The line with "Black Veil Brides - Rebel Yell" starts the range, and the last line of the listing ends it. Retype that range exactly, without pictures.

--- SOURCE DATA Enclosed Below ---

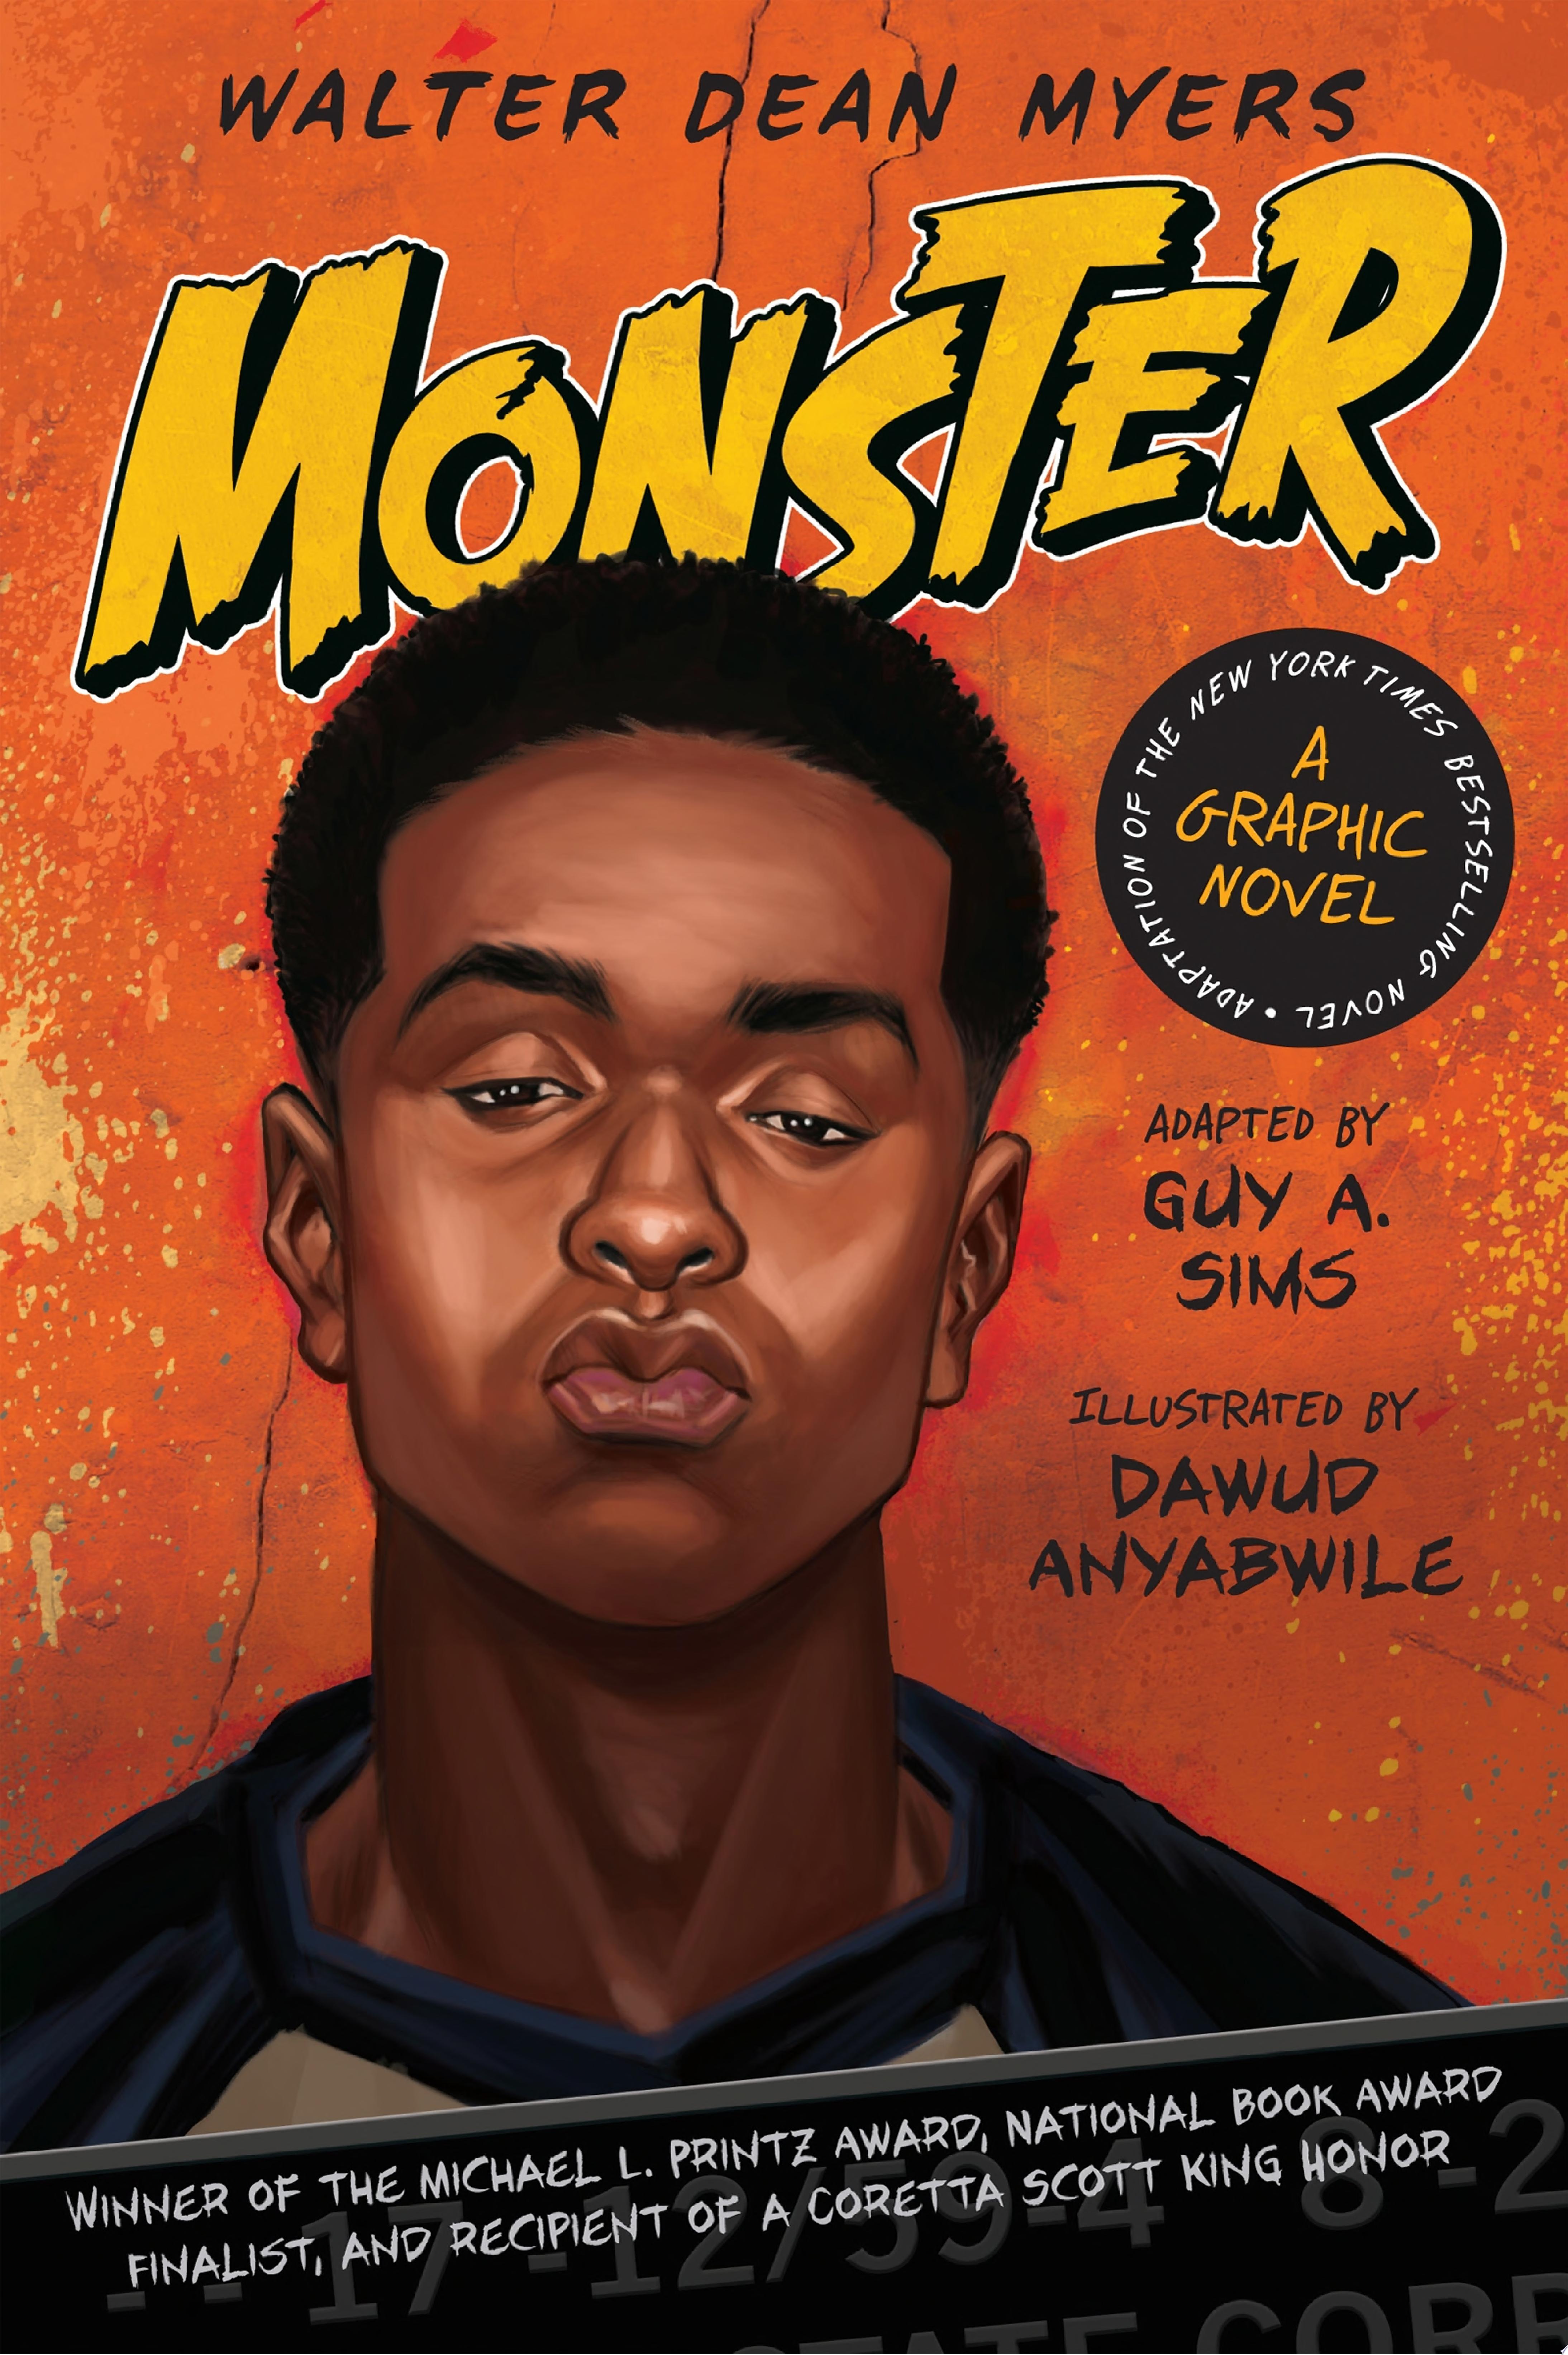 Image for "Monster: A Graphic Novel"
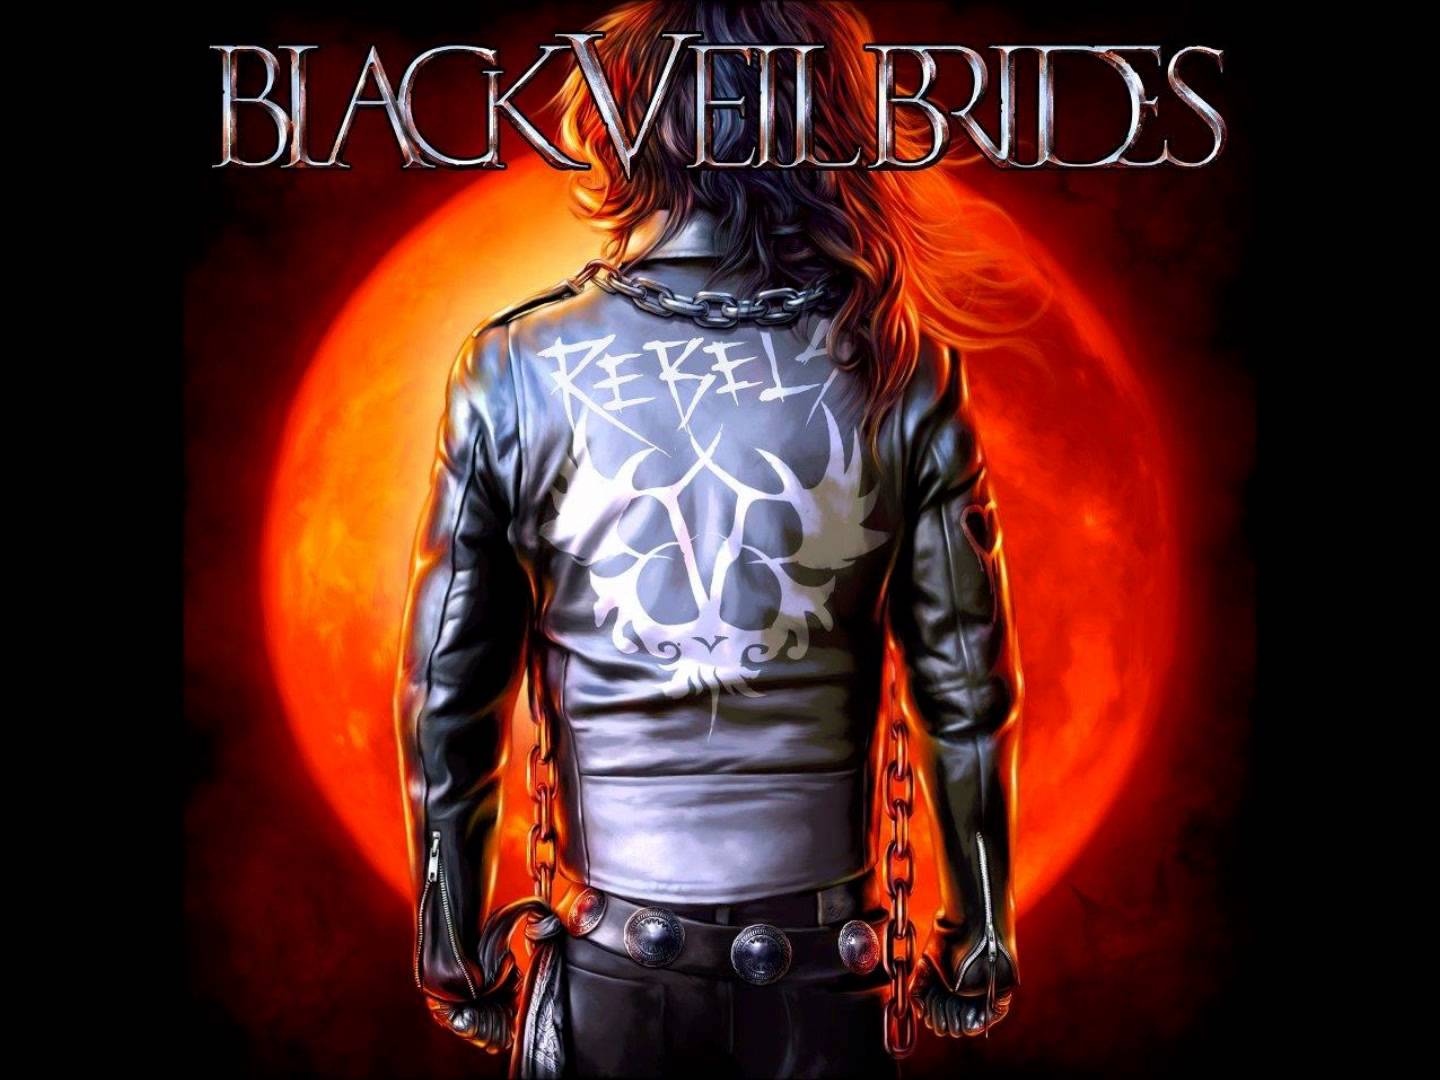 Black Veil Brides - Rebel Yell
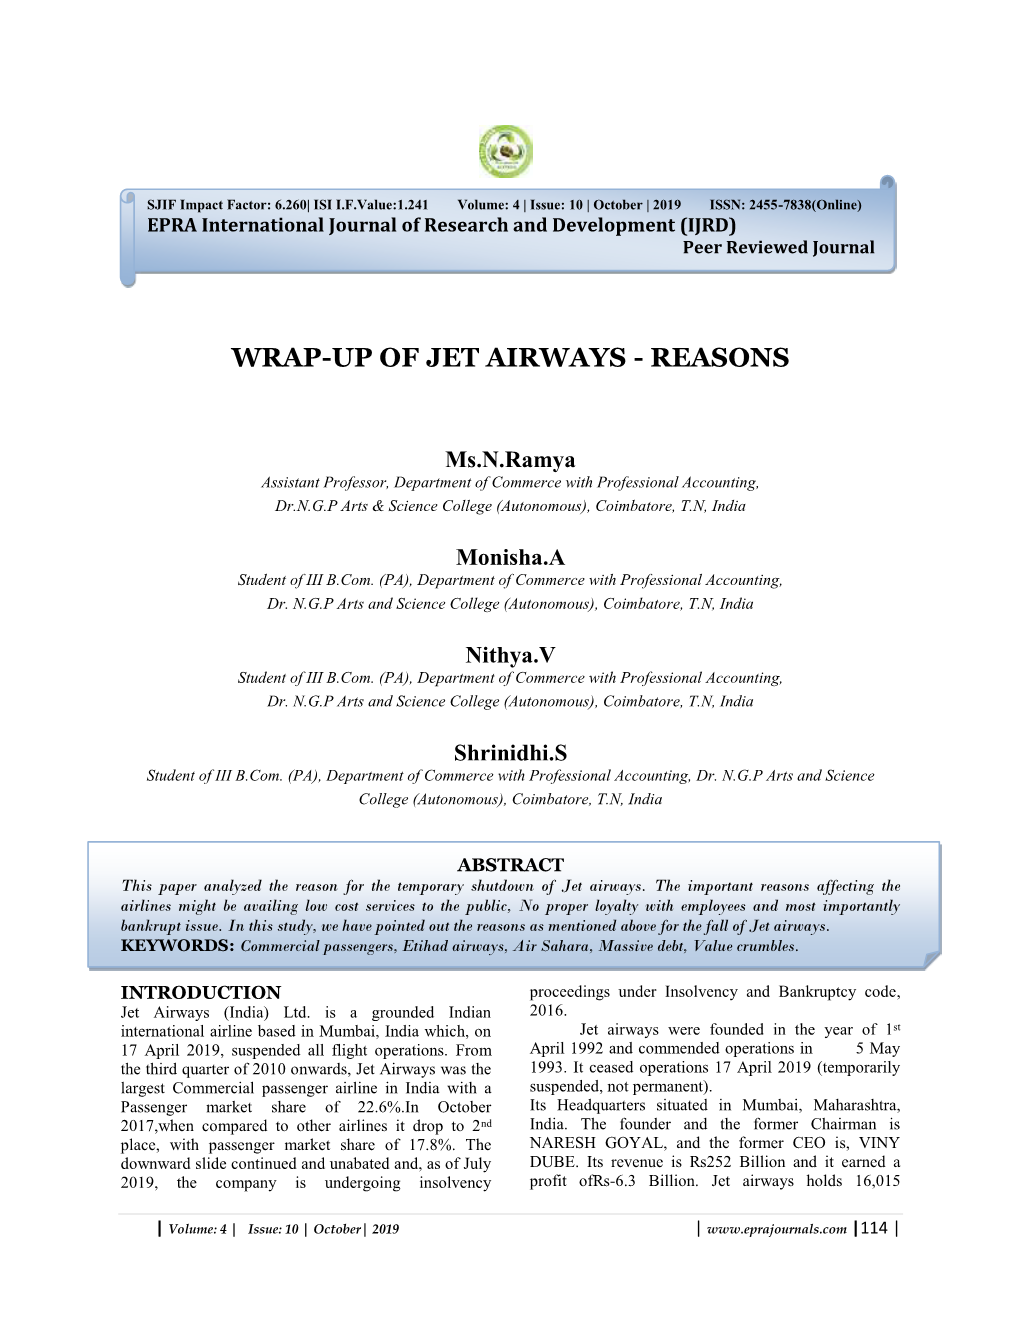 Wrap-Up of Jet Airways - Reasons

--- End of Enclosed SOURCE DATA ---

> [RESULT OF THIS EXERCISE]:
 Black Veil Brides - Rebel Yell
 Wrap-Up of Jet Airways - Reasons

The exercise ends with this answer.